Description
Describe the bug
Order of execution between FixedUpdate and OnEpisodeBegin is different, depending on how episode ended/started.
In the first episode after running the game, FixedUpdate with StepCount == 0 is called before OnEpisodeBegin, causing incorrect reward and possible errors due to incomplete initialization.
This would be less of an issue if this was consistent with other episodes, but in an episode after MaxStep was reached, it is different and FixedUpdate called after OnEpisodeBegin.
I have not tested what happens with EndEpisode, but this might also be different.
To Reproduce
- Open CrawlerAgent script
- Add changes to the script (described below)
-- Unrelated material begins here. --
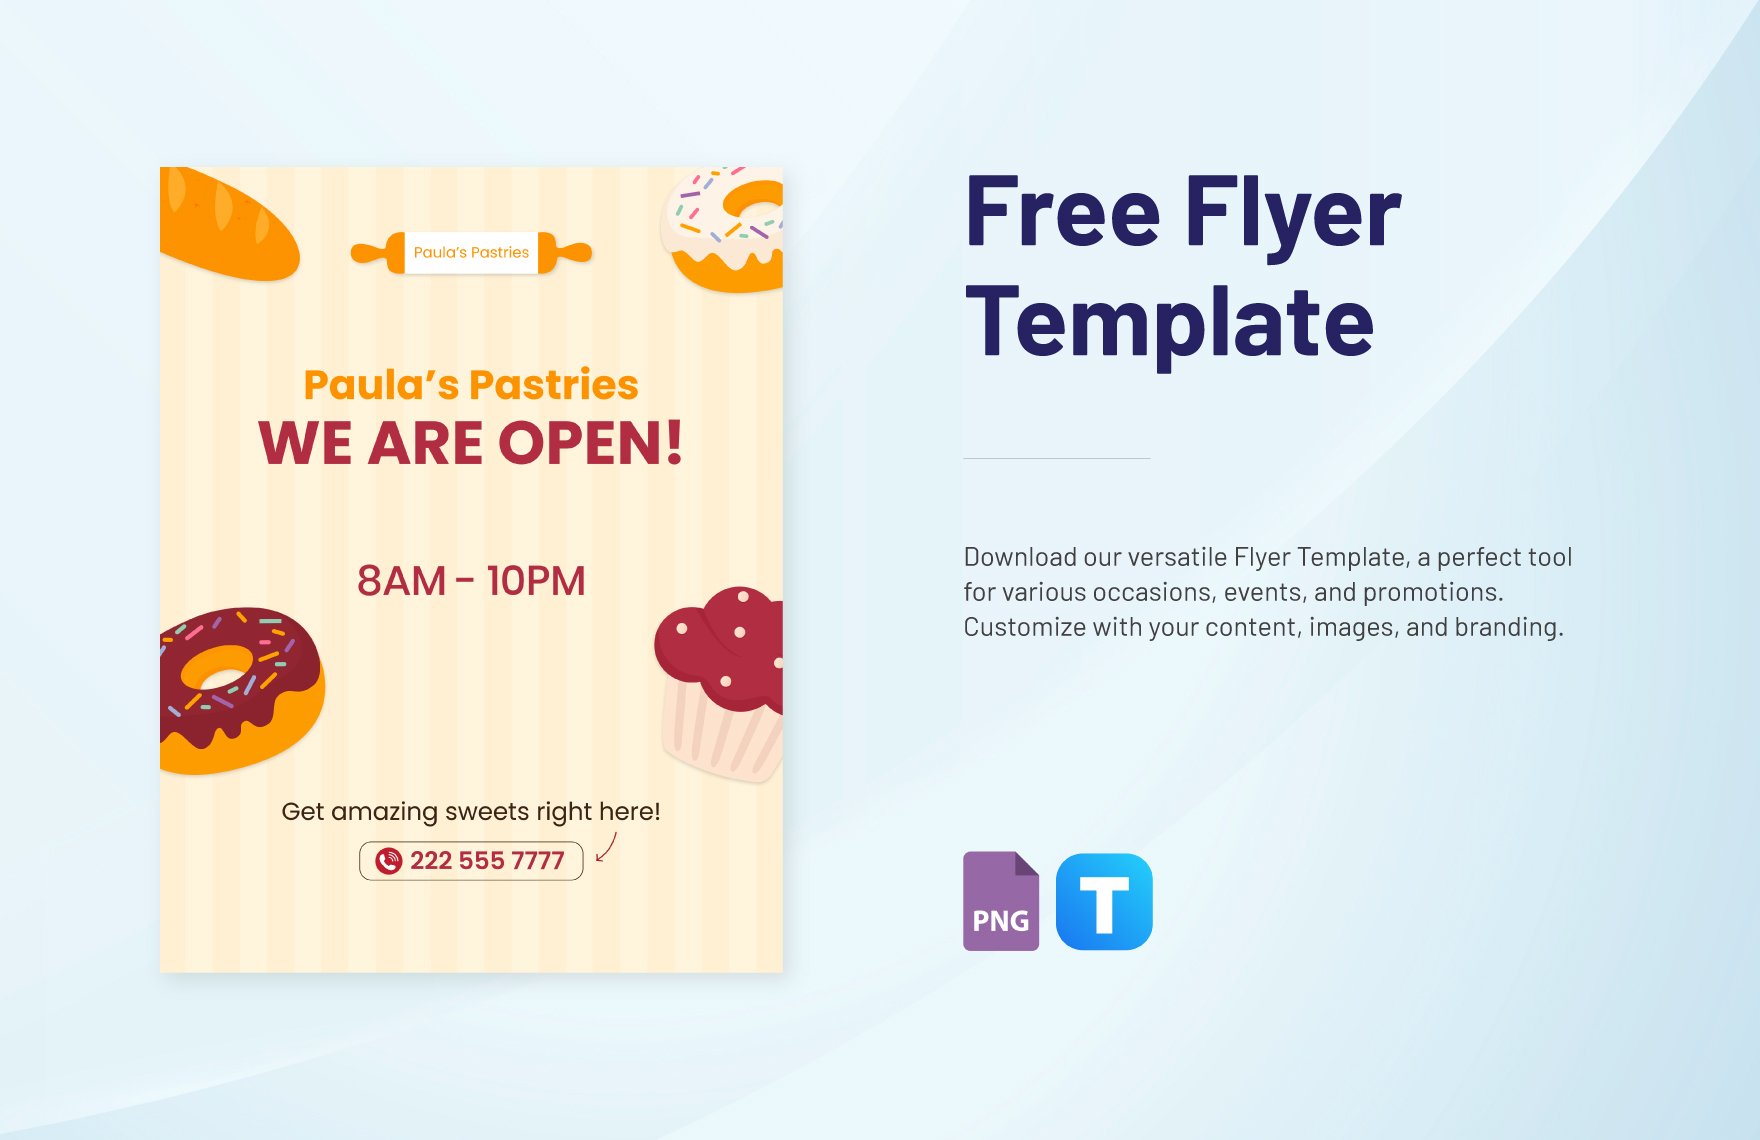 Flyer Template in PNG

- Set MaxStep to small number, for example
5
- Disable all copies of Agent except one
- Enable "Pause" and then click "Play"
- Click "Step" button a couple of times, until second episode starts
- See in logs: the order is not consistent, and OnEpisodeBegin already has reward from FixedUpdate
Changes to the Crawler environment
void FixedUpdate()
{
Debug.Log($"FixedUpdate: step={StepCount}");
AddReward(1);
public override void OnEpisodeBegin()
{
Debug.Log($"OnEpisodeBegin: step={StepCount}, reward={GetCumulativeReward()}");
Console logs / stack traces / screenshots
I waited a couple of seconds between each "step" click, so that you can see which operations were in one frame.
In first case OnEpisodeBegin called after StepCount=0 (not before!)
In the second case immediately after StepCount=4 (not before StepCount=0)
Environment (please complete the following information):
- Unity Version: Unity 6000.0.26f1
- OS + version: Windows 11
- ML-Agents version: release_22 / 3.0.0
- Torch version: 2.2.2+cu121
- Environment: Crawler